# Required action
From the entries below, please output exactly the lines starting at the one containing "RedSorghum(红高粱,英文原版小说,内有红笔划" and ending at the one containing "Gesetzblatt (GBl.) der", both included.

(Data listing)

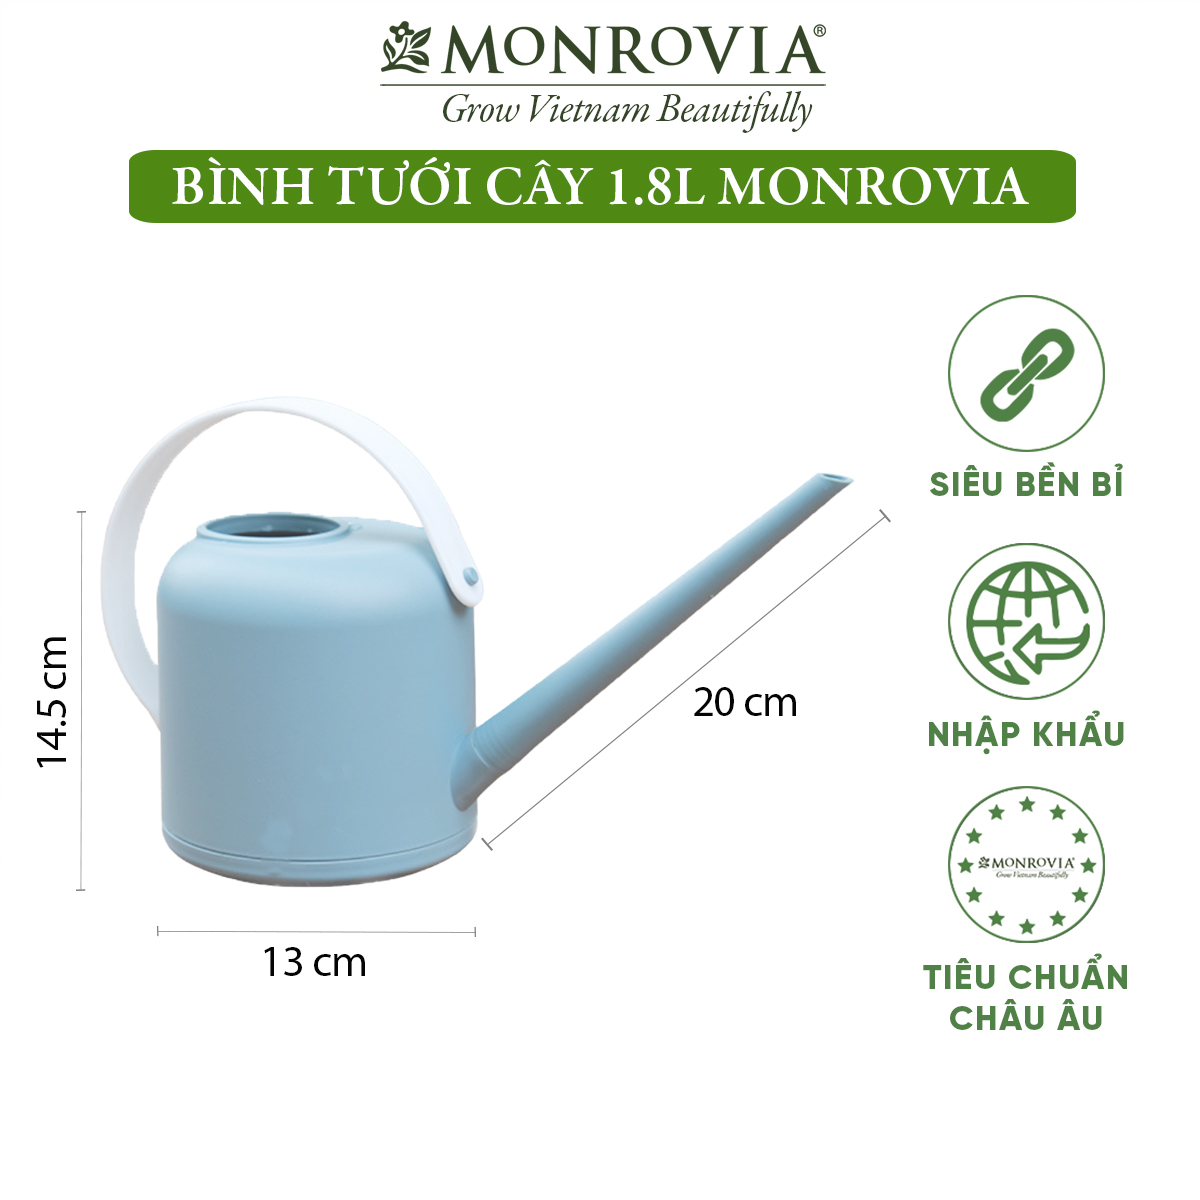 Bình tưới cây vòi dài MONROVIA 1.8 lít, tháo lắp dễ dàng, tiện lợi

(End Data listing)
(Data listing)

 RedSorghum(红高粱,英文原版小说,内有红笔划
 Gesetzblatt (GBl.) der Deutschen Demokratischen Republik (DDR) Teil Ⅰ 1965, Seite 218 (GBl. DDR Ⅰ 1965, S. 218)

(End Data listing)
(Data listing)

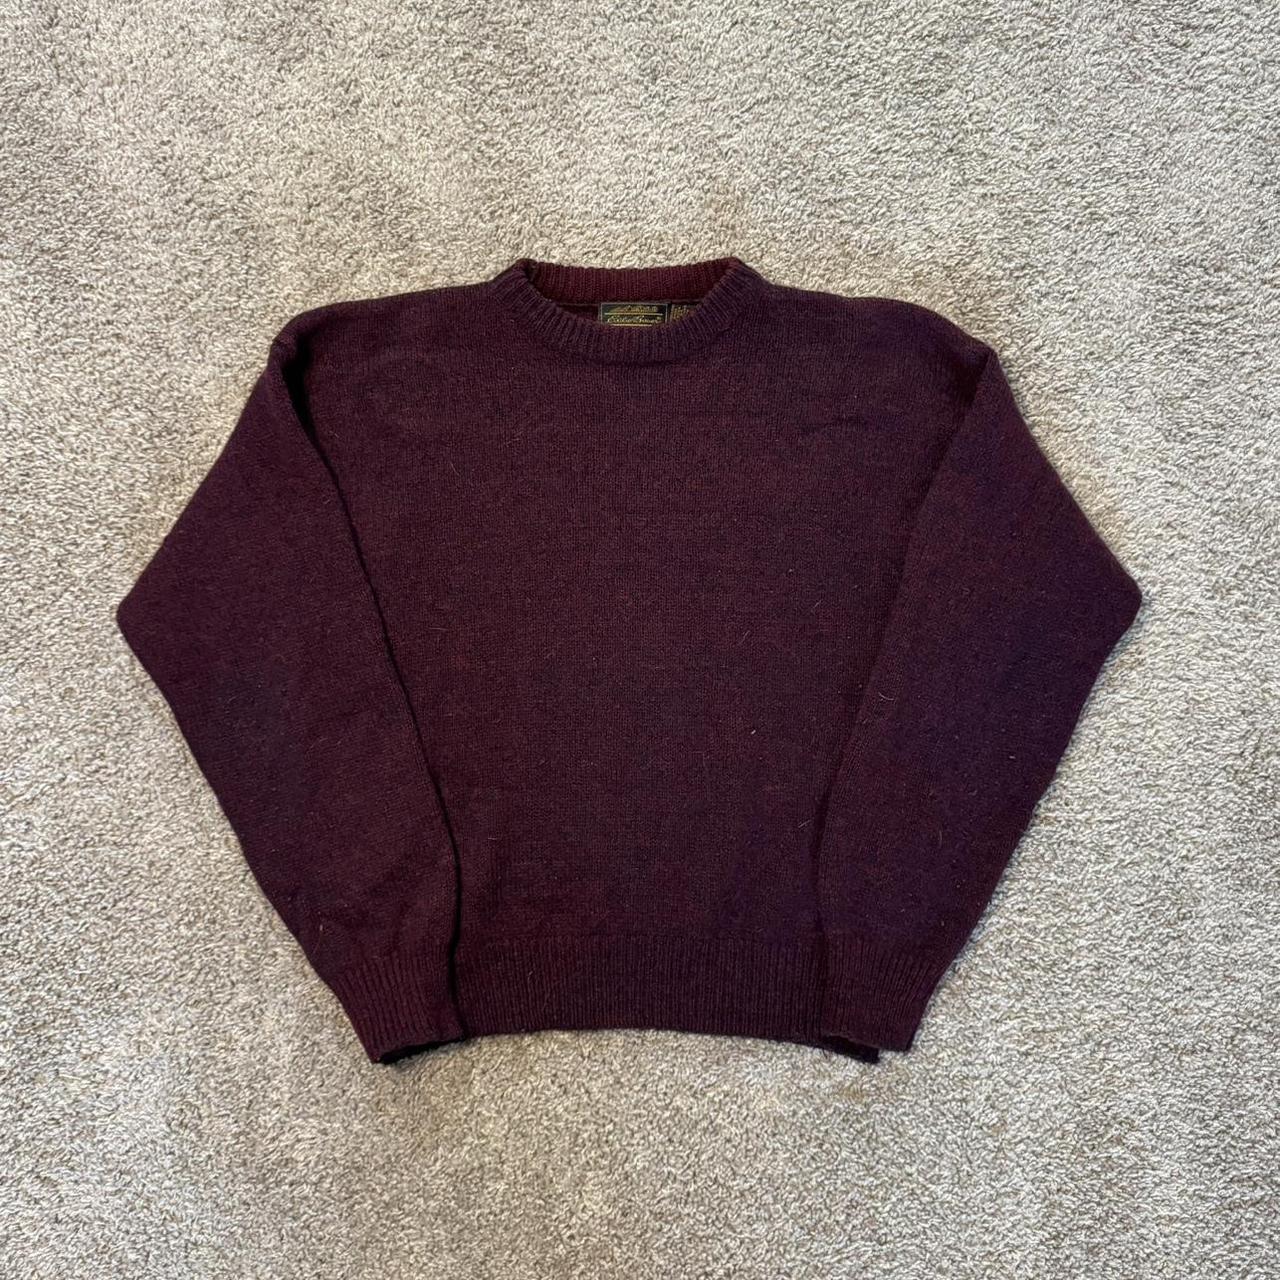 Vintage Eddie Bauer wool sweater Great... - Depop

(End Data listing)

# Task solution
 RedSorghum(红高粱,英文原版小说,内有红笔划
 Gesetzblatt (GBl.) der Deutschen Demokratischen Republik (DDR) Teil Ⅰ 1965, Seite 218 (GBl. DDR Ⅰ 1965, S. 218)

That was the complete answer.